# Suicide Risk and Smoking



## Dragonfly (Feb 15, 2011)

Population-Attributable Fractions of Axis I and Axis II Mental Disorders for Suicide Attempts: Findings From a Representative Sample of the Adult, Noninstitutionalized US Population -- Bolton and Robinson 100 (12): 2473 -- American Journal of Public 

___________________________________________________________________

So, 8% of the suicide attempts could be attributed to smoking cigarettes. The article goes on to hypothesize that this may be that nicotine might reduce serotonin levels in the brain. And it is the lowered serotonin levels that are associated with suicide attempts. If this is found to be true in other studies, this is amazing!


----------



## David Baxter PhD (Feb 15, 2011)

From the abstract:



> _Results. Of the 25 disorders we examined in the model, 4 disorders had notably high PAF values: major depressive disorder (PAF = 26.6%; 95% confidence interval [CI] = 20.1, 33.2), borderline personality disorder (PAF = 18.1%; 95% CI = 13.4, 23.5), nicotine dependence (PAF = 8.4%; 95% CI = 3.4, 13.7), and posttraumatic stress disorder (PAF = 6.3%; 95% CI = 3.2, 10.0). _


 
That's quite remarkable: nicotine dependence is a higher risk than PTSD.

I haven't read the full article but off the top I wonder if that isn't the result of a covariate. For example, schizophrenic patients have a higher rate of smoking than the general populations, leading to hypotheses that the nicotine is somehow self-medicating. Could it be that it's the presence of certain other disorders associated with nicotine dependence rather than the nicotine dependence itself? Or is it truly the nicotine dependence itself, possibly because of its association with reduced serotonin levels?


----------



## Dragonfly (Feb 17, 2011)

David Baxter said:


> From the abstract:
> 
> That's quite remarkable: nicotine dependence is a higher risk than PTSD.



Yes.  The authors comment on this remarkable finding, as well.





David Baxter said:


> ..... I wonder if that isn't the result of a covariate. For example, schizophrenic patients have a higher rate of smoking than the general populations, leading to hypotheses that the nicotine is somehow self-medicating. Could it be that it's the presence of certain other disorders associated with nicotine dependence rather than the nicotine dependence itself? Or is it truly the nicotine dependence itself, possibly because of its association with reduced serotonin levels?

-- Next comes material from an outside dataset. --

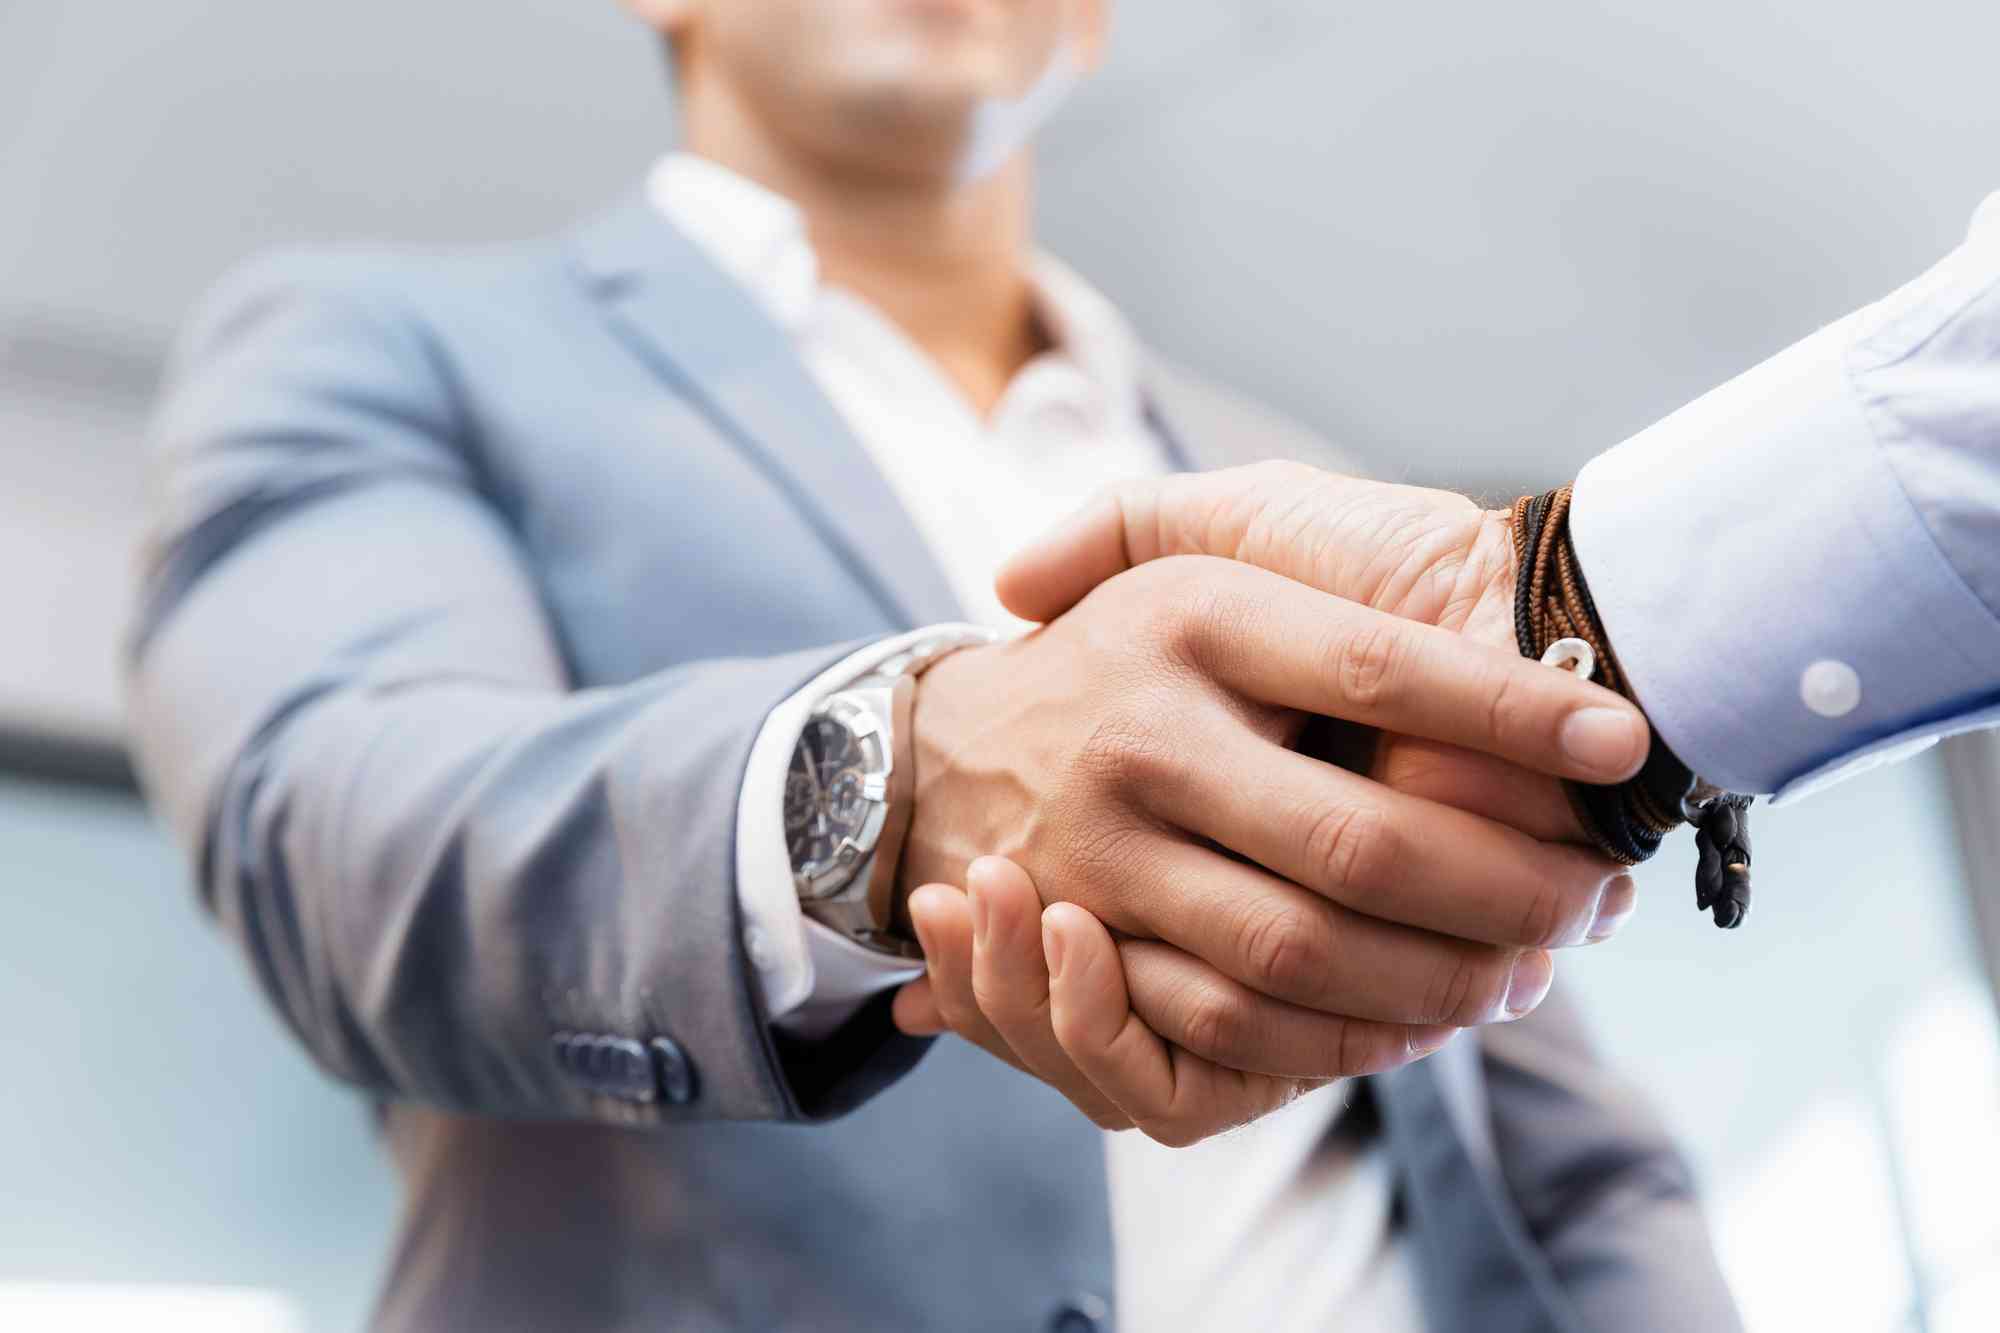 Two business professionals shaking hands, focus on hands with blurred office background, emphasizing a formal agreement or greeting in their functional specialties.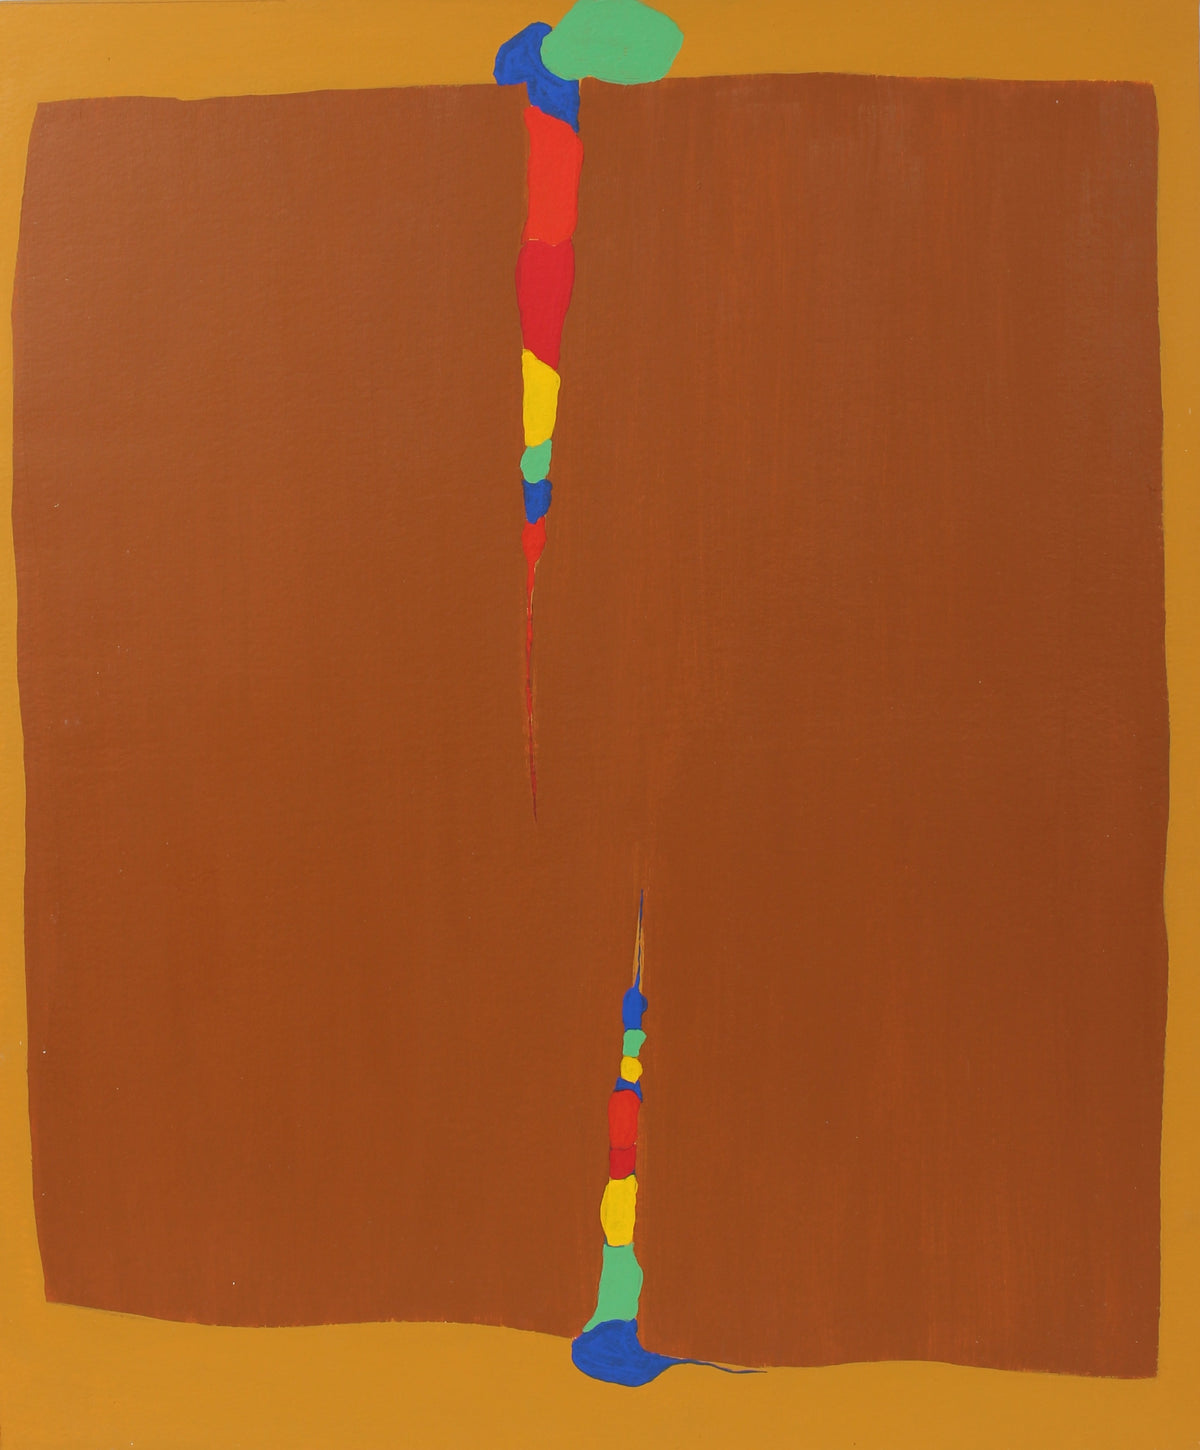 Warm Abstract in Brown Tones&lt;br&gt;Mid-Late 20th Century Acrylic&lt;br&gt;&lt;br&gt;#98175

Yes.  I wondered about this as well - that nicotine use could actually be a surrogate marker for a major mental illness - such as schizophrenia, as you noted above.  It is interesting.  I went back and reread the article carefully ....  the short answer is that I can't tell because of how the analysis were done.  They used this relatively new statistical technique called PAF - population attributable fraction - which essentially looks at sequential attributable risk for an outcome.  But the method, as with all stats methods, is not without its shortcomings.  Here is an article that specifically addresses some of the shortcomings of this type of analysis:

Epidemiologic Perspectives & Innovations | Full text | Partitioning the population attributable fraction for a sequential chain of effects

In the article on risk for suicide attempts, indeed they used only single variable analysis - so there is no way to tell from the article if controlling for a psychotic disorder would decrease the relative risk of nicotine with respect to suicide attempts.  Having said that, the authors present a relatively convincing argument that smoking cessation in the US would account for one million fewer suicide attempts per year.  Imagine ....


----------



## David Baxter PhD (Feb 17, 2011)

Thanks, Dragonfly. I have no idea what PAF is either. I'm not sure I want to... I started getting confused about statristics when meta analyses became the next big thing.


----------



## Dragonfly (Feb 17, 2011)

David Baxter said:


> ..... I have no idea what PAF is either. I'm not sure I want to...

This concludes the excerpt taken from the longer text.